- Materials provided -
▬▬▬▬▬▬
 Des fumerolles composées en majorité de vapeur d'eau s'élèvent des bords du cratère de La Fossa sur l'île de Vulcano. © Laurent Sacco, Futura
▬▬▬▬▬▬
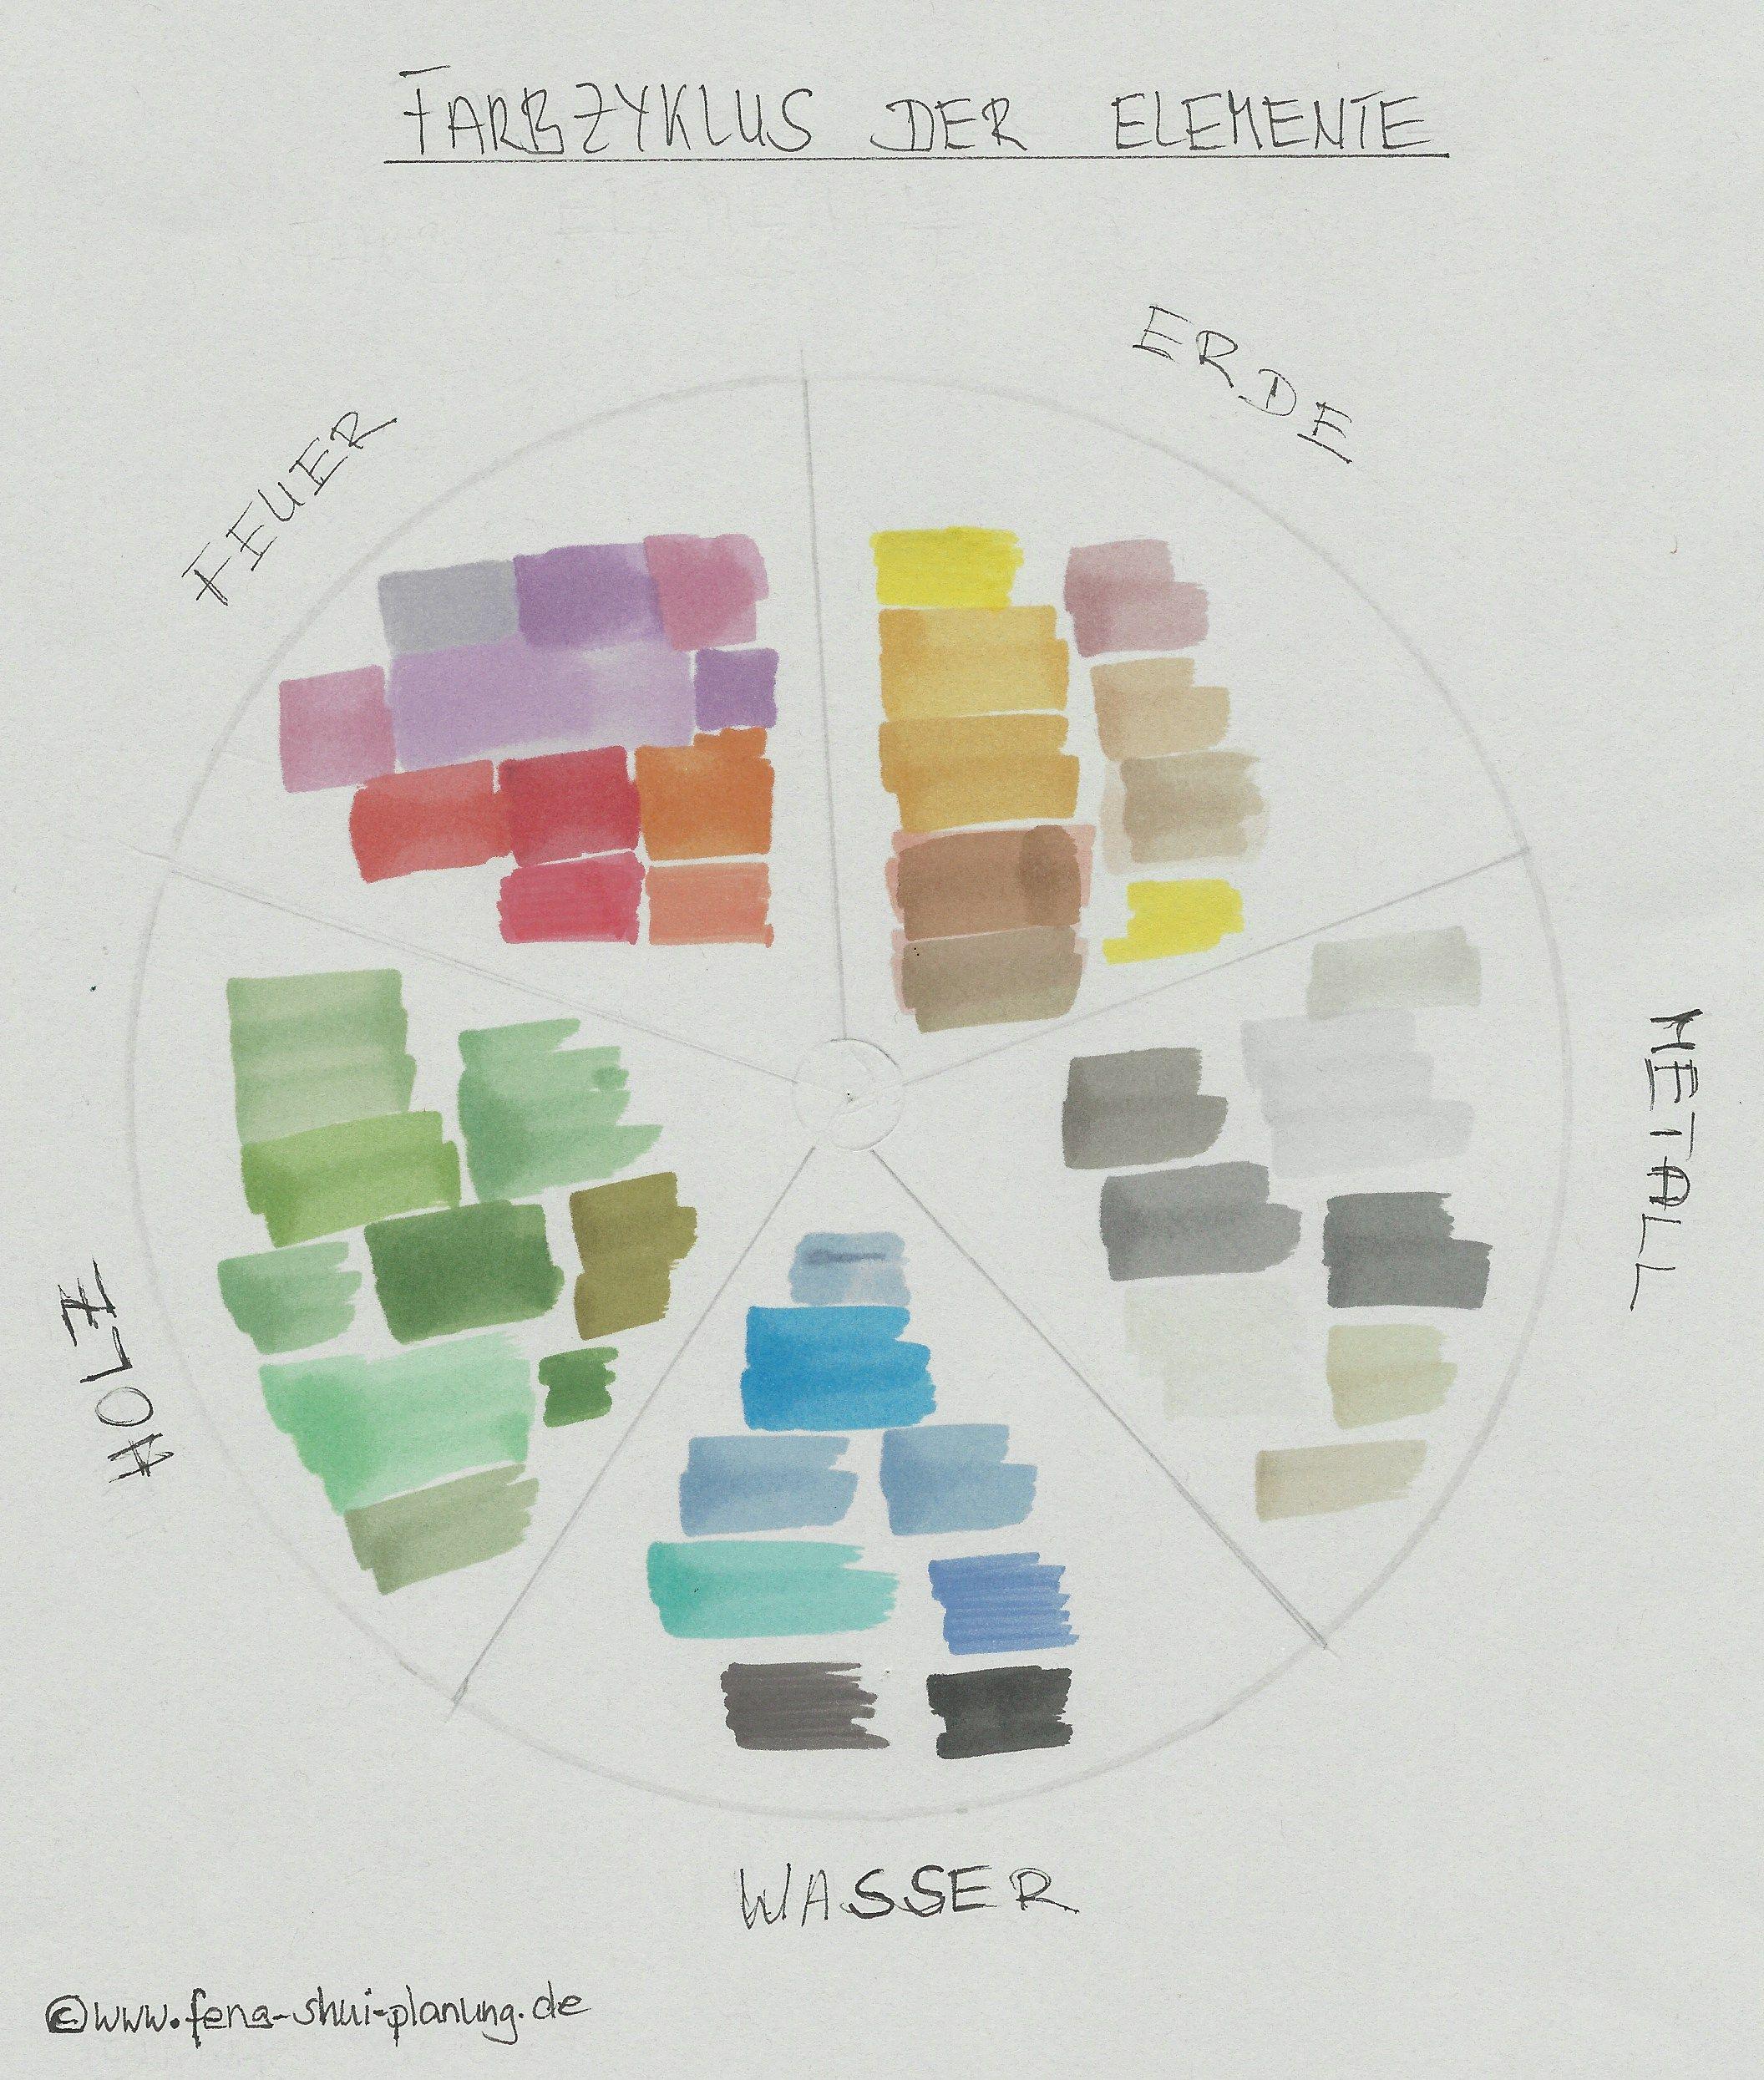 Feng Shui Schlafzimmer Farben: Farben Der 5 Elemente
▬▬▬▬▬▬
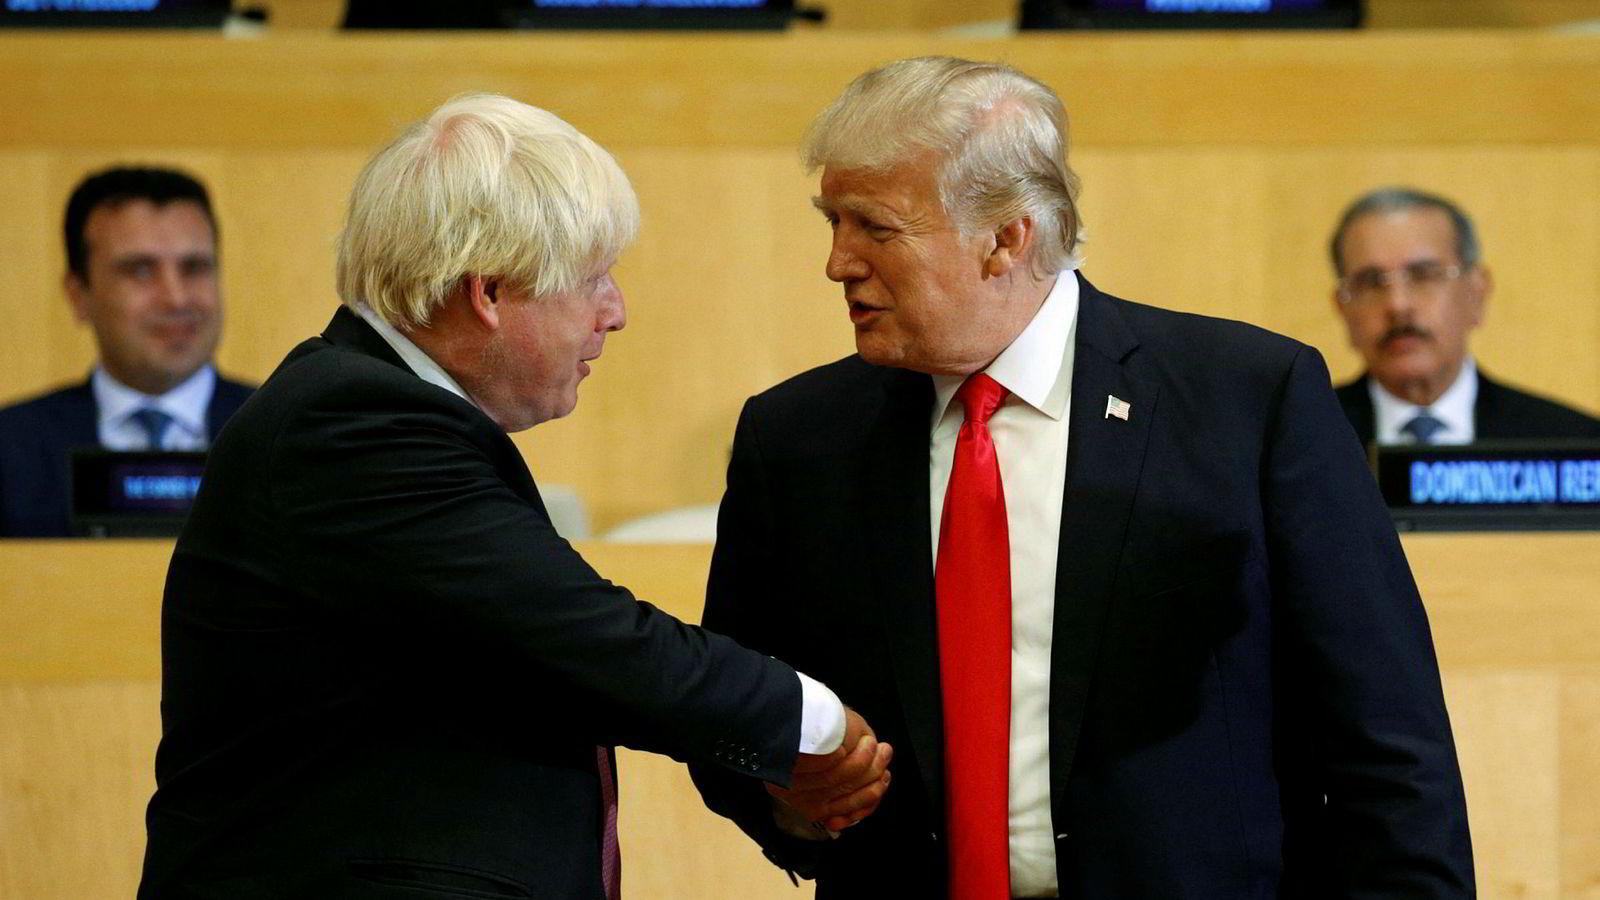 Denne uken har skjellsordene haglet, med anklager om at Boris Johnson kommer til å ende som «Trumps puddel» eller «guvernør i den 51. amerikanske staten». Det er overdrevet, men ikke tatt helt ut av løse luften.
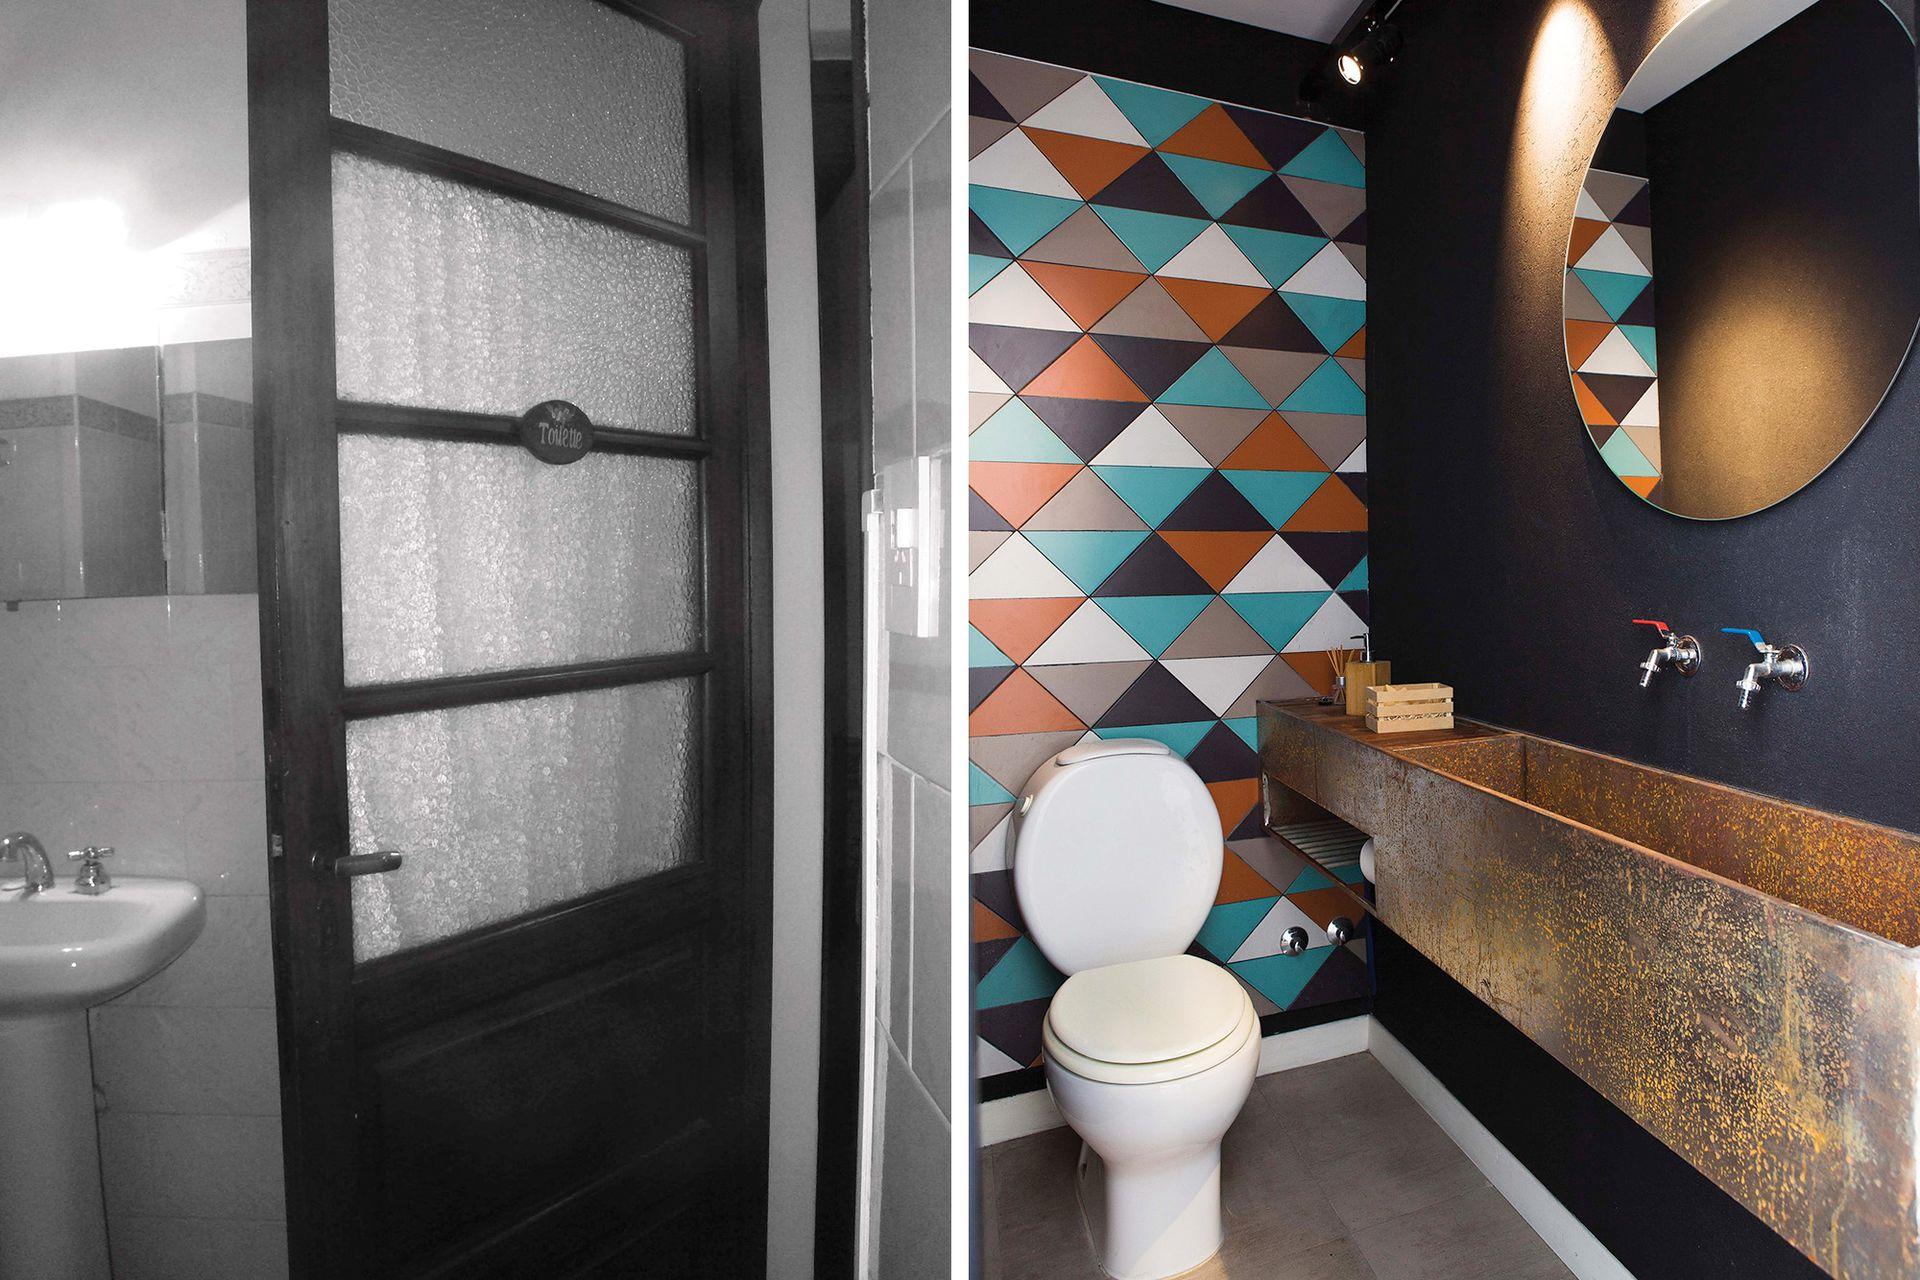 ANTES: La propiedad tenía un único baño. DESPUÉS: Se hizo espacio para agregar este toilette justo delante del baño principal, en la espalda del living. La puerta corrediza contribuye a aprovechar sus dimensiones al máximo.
▬▬▬▬▬▬
- What is required -
With the pictures omitted, copy the entries above exactly from the line containing "Denne uken har" through the line containing "ANTES: La propiedad", both lines included.

- Output of the exercise -
 Denne uken har skjellsordene haglet, med anklager om at Boris Johnson kommer til å ende som «Trumps puddel» eller «guvernør i den 51. amerikanske staten». Det er overdrevet, men ikke tatt helt ut av løse luften.
 ANTES: La propiedad tenía un único baño. DESPUÉS: Se hizo espacio para agregar este toilette justo delante del baño principal, en la espalda del living. La puerta corrediza contribuye a aprovechar sus dimensiones al máximo.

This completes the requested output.